Indeed, many of them start with a given (biased) graph in a class of interest and perform random small rearrangements of edges that mix the graph and are known to ultimately lead to a uniformly distributed random graph the given class.

A typical example is edge swap (replace $u-v$ and $u'-v'$ by $u-v'$ and $u'-v$) under constraints (not creating loops nor multi-edges) in order to generate random simple graphs. See the following paper for more: Generating constrained random graphs using multiple edge switches by Lionel Tabourier, Camille Roth, Jean-Philippe Cointet.

Unfortunately, in most cases, the number of local rearrangements needed to reach uniform distribution is huge, and, even worse, unknown. Therefore, one then resorts to make many rearrangements and hope this is enough. This is where your question is crucial: how do we know we made enough rearrangements?

Well, people usually make as many as they can, and plot basic statistics of the obtained graphs, as a function of the number of rearrangements (there are several examples in the paper above). If the statistics converges to a steady value, then one assumes that the graph is random regarding this statistics.

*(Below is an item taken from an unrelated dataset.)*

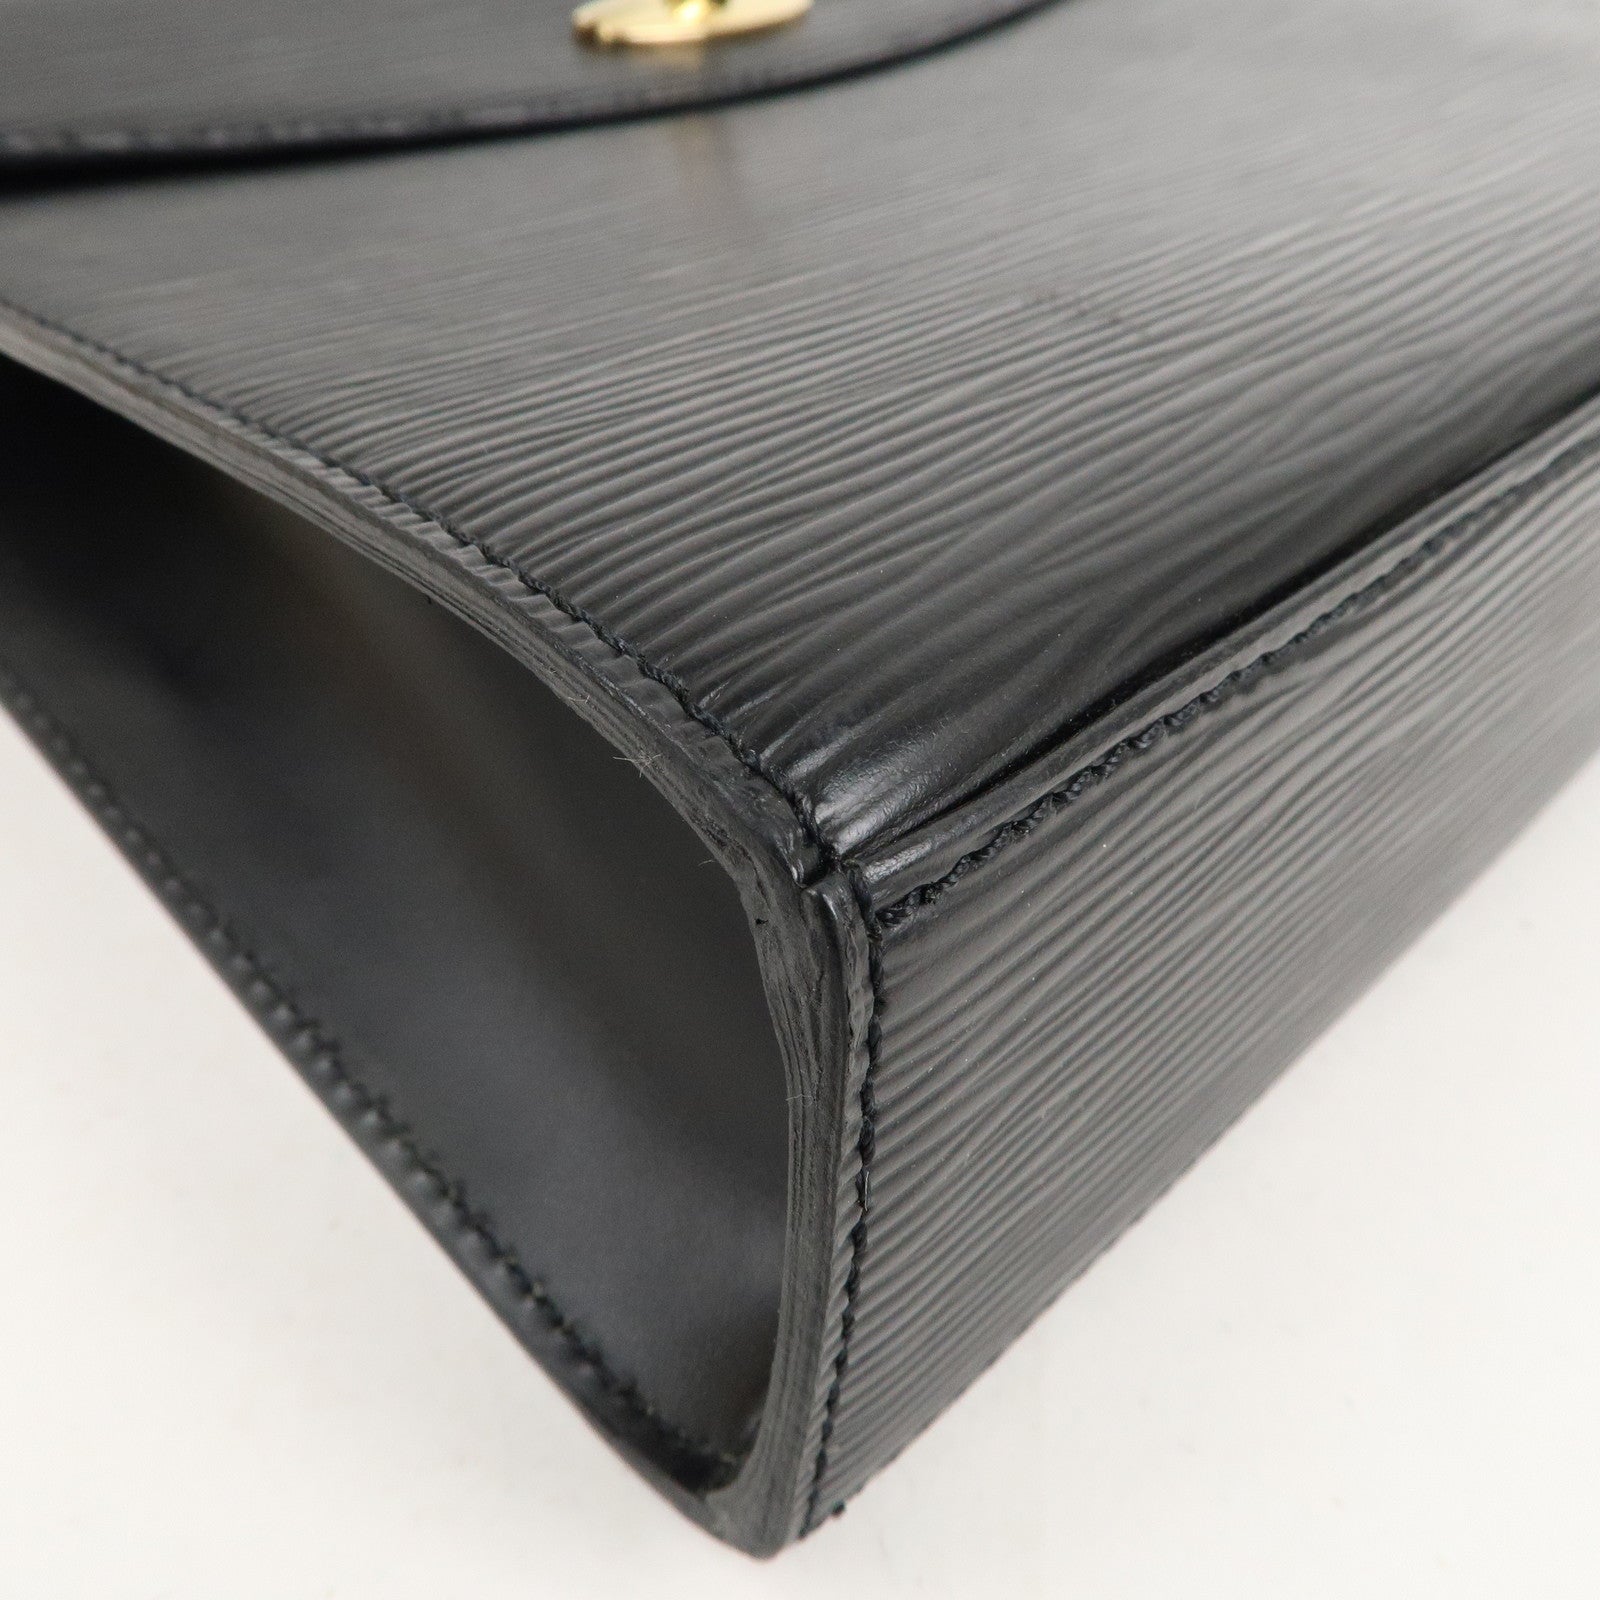 Authentic Louis Vuitton Black Epi Montaigne Clutch Bag, Luxury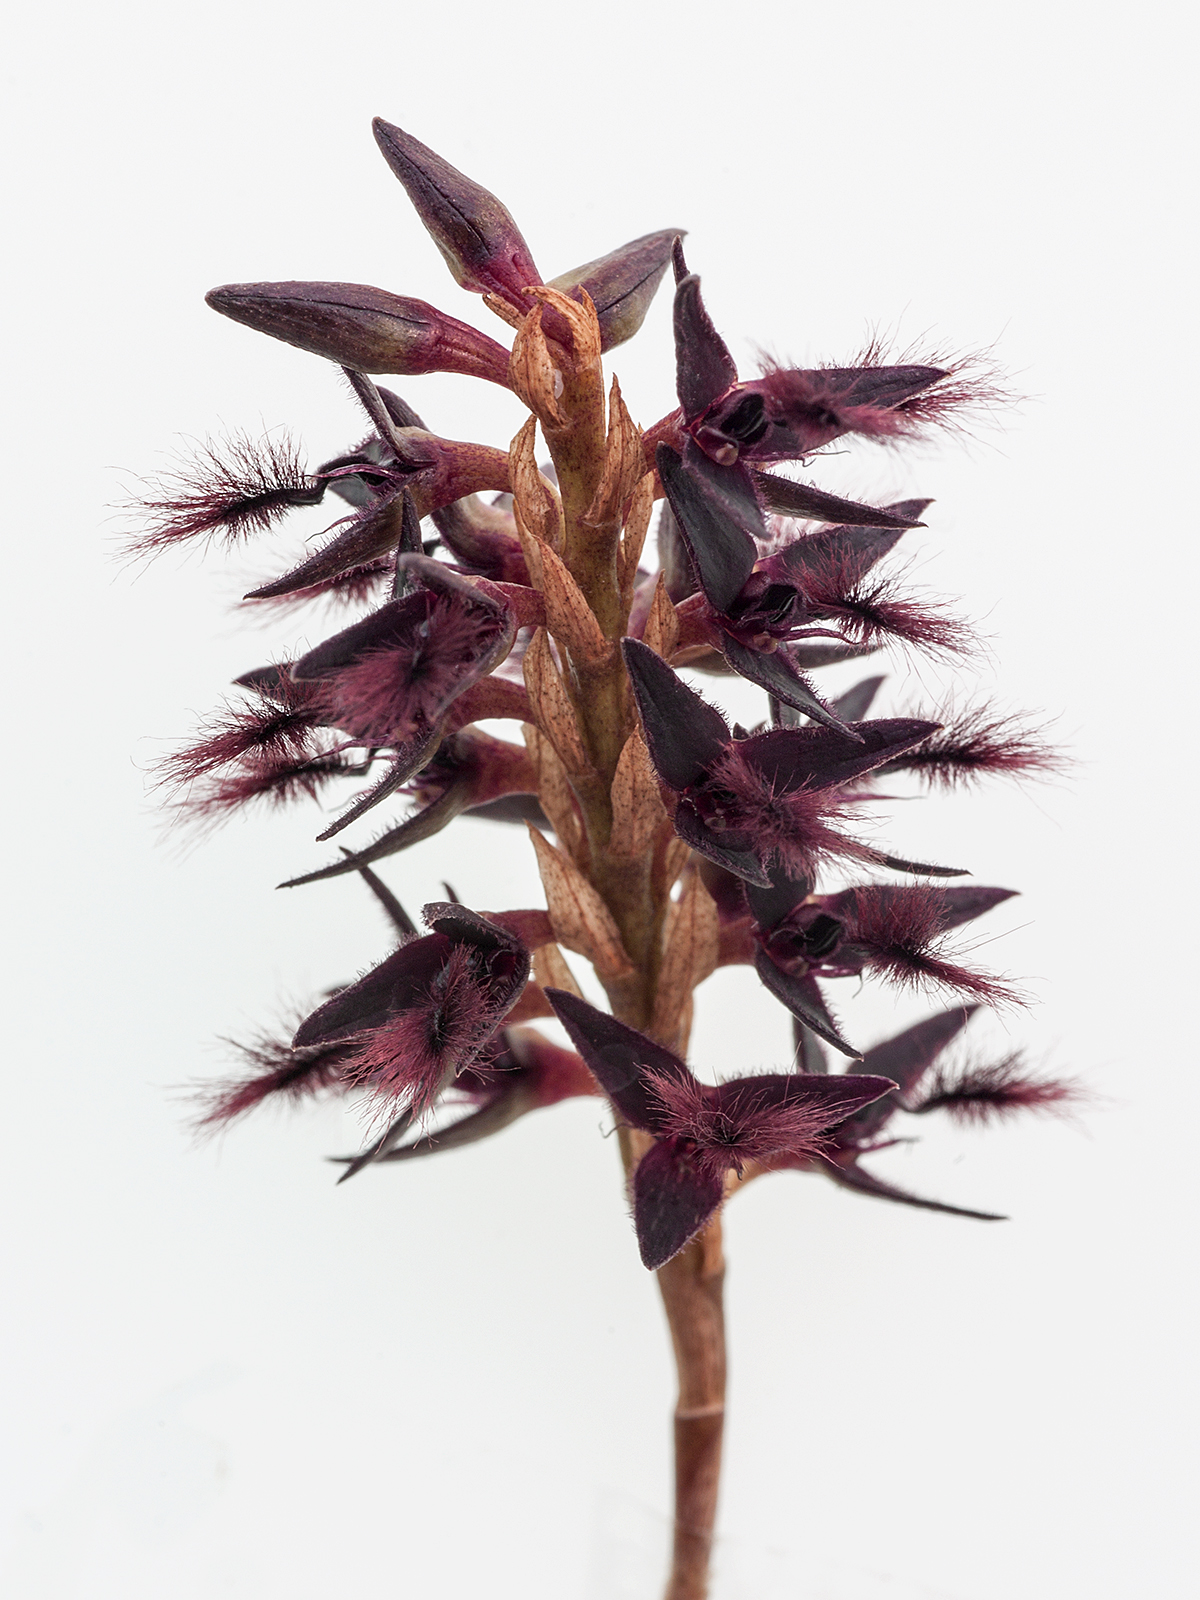 Bulbophyllum saltatorium

One may also use an estimate of the expected value of the statistics (when available), and check that the mixing reached a value close to this expected value... but this remains very empirical.

I fear this does not answer your question, but this shows that there is certainly no (known) way to have a formally grounded but practical randomness test for graphs, in general.

Maybe this is possible in some restricted classes?

I suggest you ask on MathOverflow.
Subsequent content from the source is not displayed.